I always say the show is a show and it’s a workplace show and we don’t like to sugarcoat it. We like to dive into the stories that are going to remain truthful as best as we can. And because it’s a workplace show and what they do, not everybody is guaranteed to come out all rosy and with a nice bow on the package. We go to those places and we show the mental breakdowns, we show the physical breakdowns, and nobody’s safe. That’s the reality of this show whether you like it or not. It’s just the way it is. Characters come in and leave and they will come in and they will go. So I would say that nobody’s safe on the show like this.
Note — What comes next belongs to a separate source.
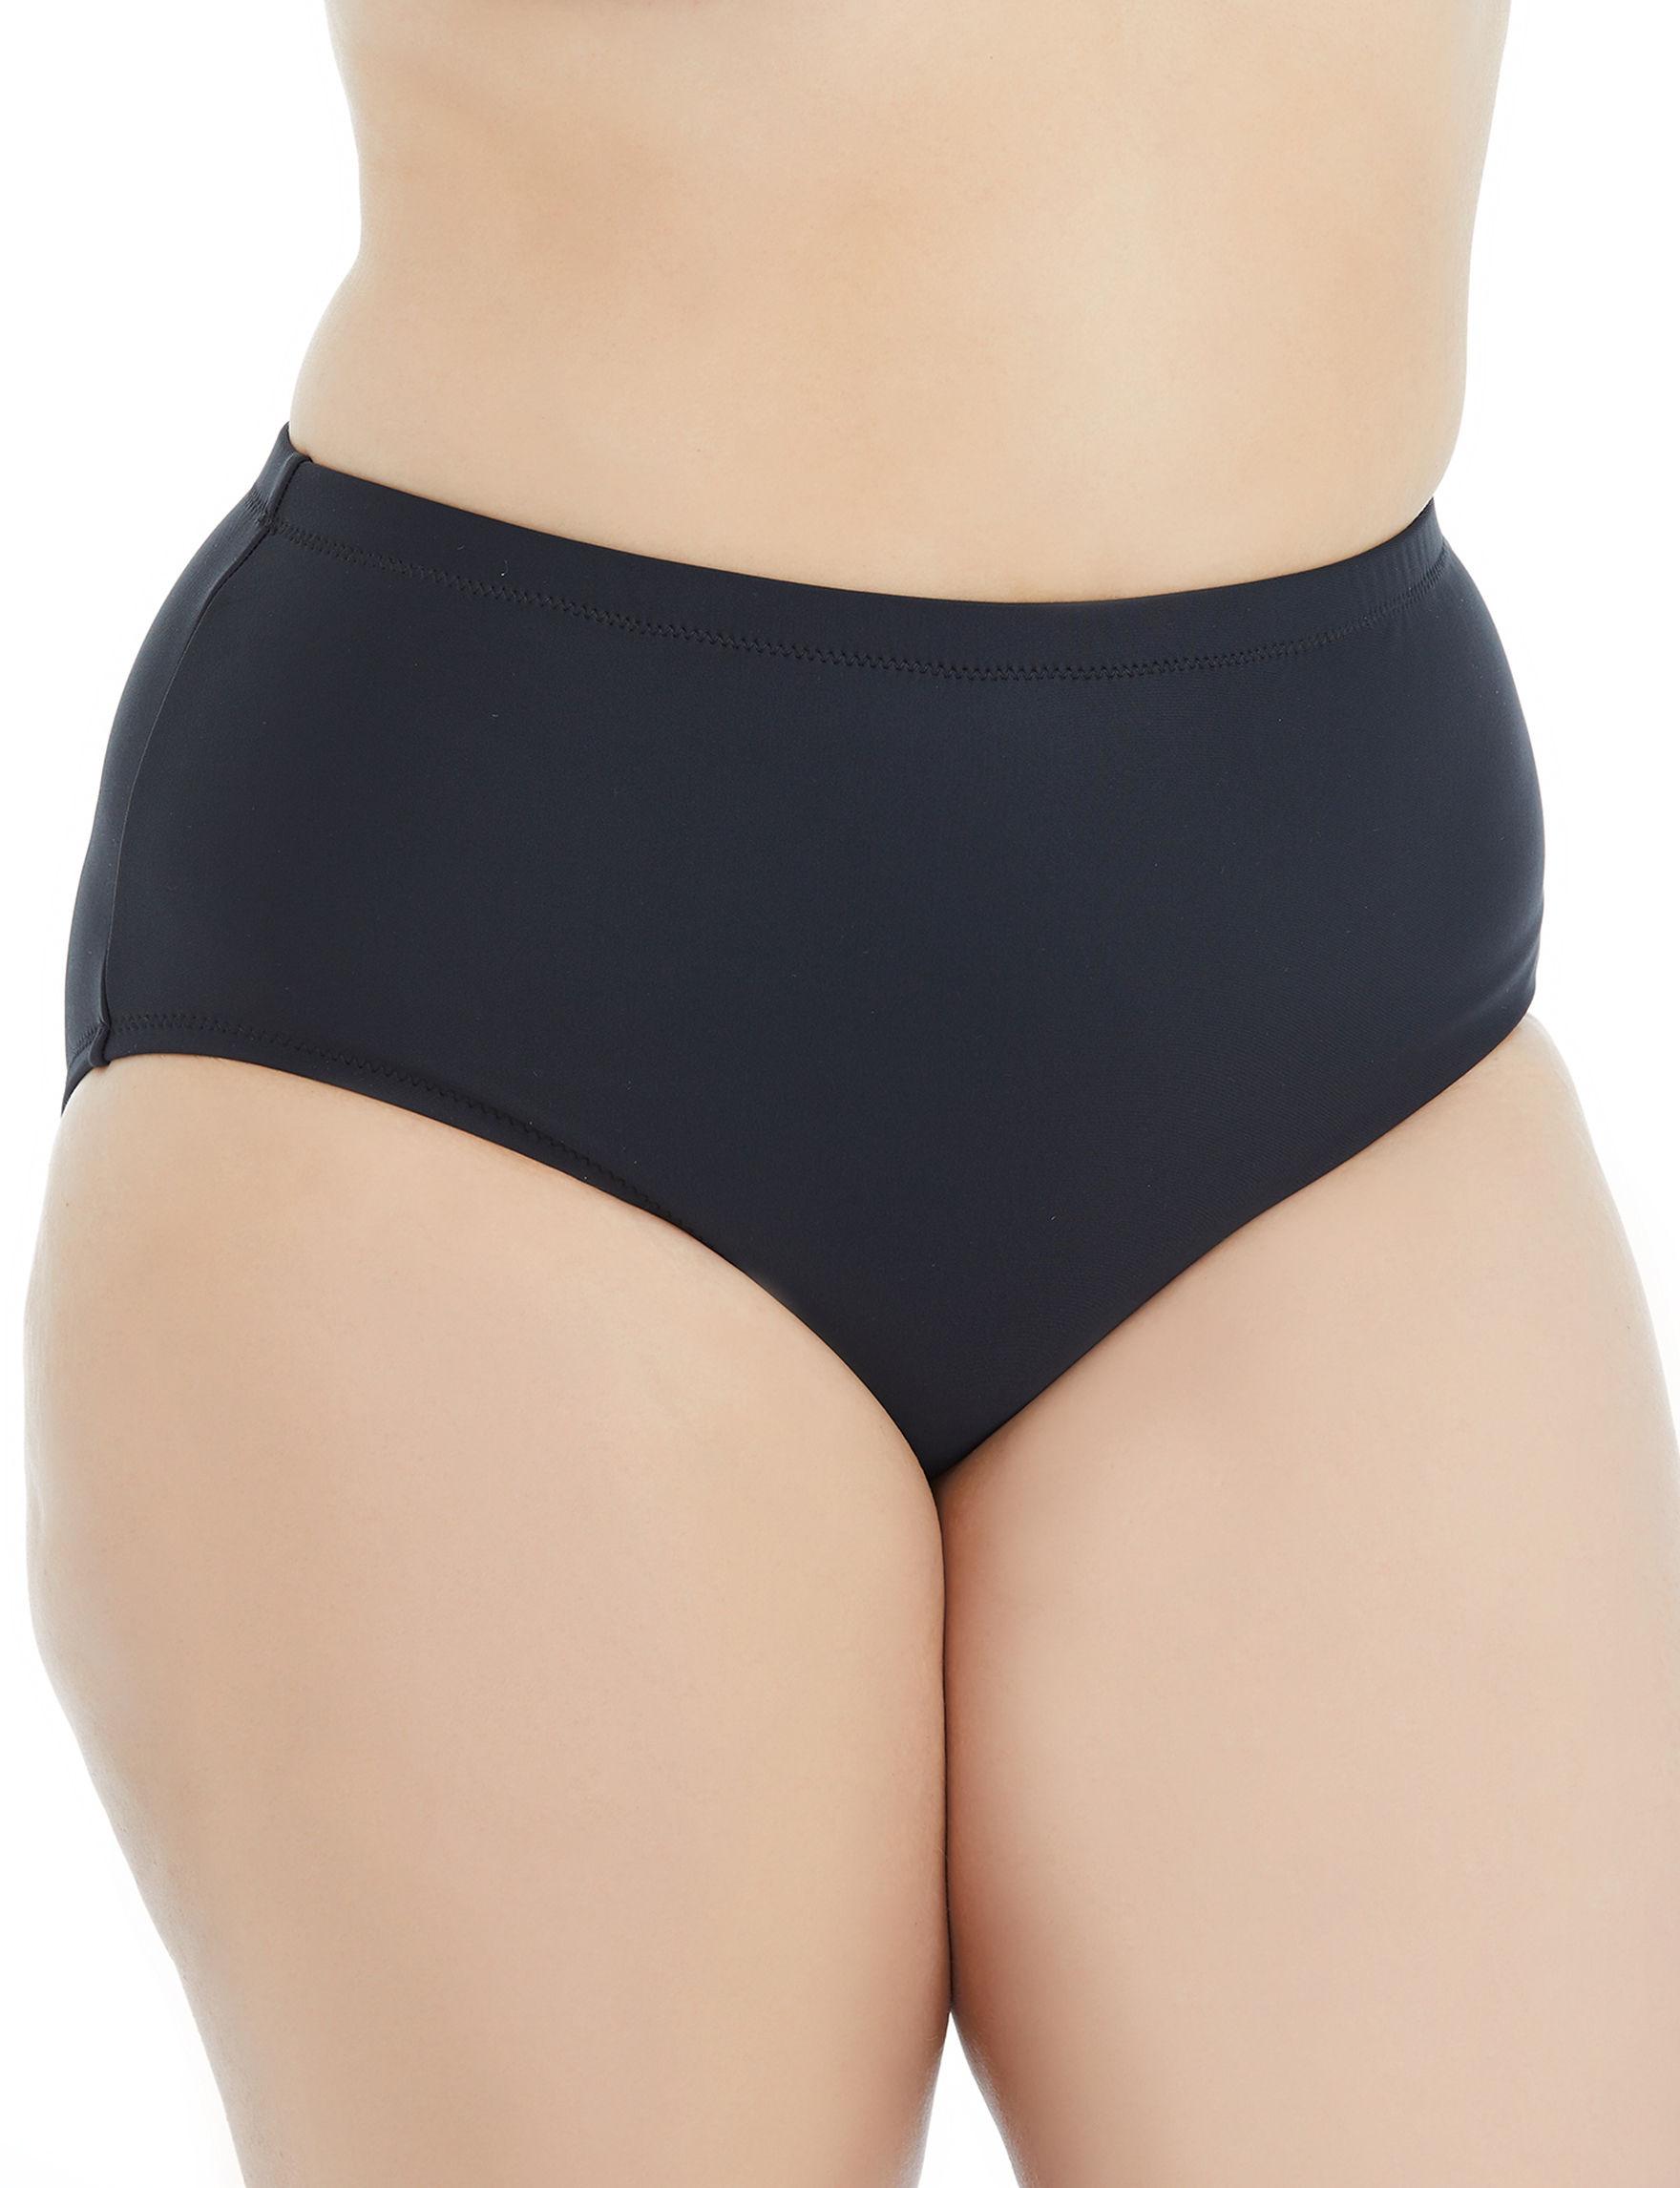 Raisins Curve Black Swimsuit Bottoms High Waist

Something this finale showed is just how good SEAL Team is at those quieter, heavy, emotional moments like we got in the second half of this episode and balancing those with the action scenes like in the first half. It also seemed to set up the series continuing to lean into those more emotional moments maybe more than in the past?

I think that there’s a balance there. I think you can marry the two seemingly better as we go forward. If you can take a look at the season and say it was a little bit more emotional than the other seasons, I would tend to agree with you on that, regardless of the environment and how we had to pivot to tell these stories amongst where we could go and couldn’t go due to this pandemic. We adjusted more towards character study and emotional moments that really raised the bar as far as the characters were concerned. But I think there’s a balance there. I think that you can still have that within the mission, the ops that they go on, and the training cycles with these guys. I think we’ll continue that even more as we progress, especially starting in Season 5, which is going to be around the corner before you know it.

SEAL Team Jason Hayes Bravo 1 Season 4 Finale

Sonja Flemming/CBS

Was there anything planned that was scrapped, like a major cliffhanger, just in case you weren’t renewed?

No, we shot it for the way we wanted to shoot it. There were a lot of open-ended questions. If we had not have come back, I don’t think it would have done service to the show, the characters, or to the fans especially to leave them hanging like that. So I don’t think that would have been the best. We didn’t write the episode knowing that we were coming back or not going to come back, we just wrote the episode.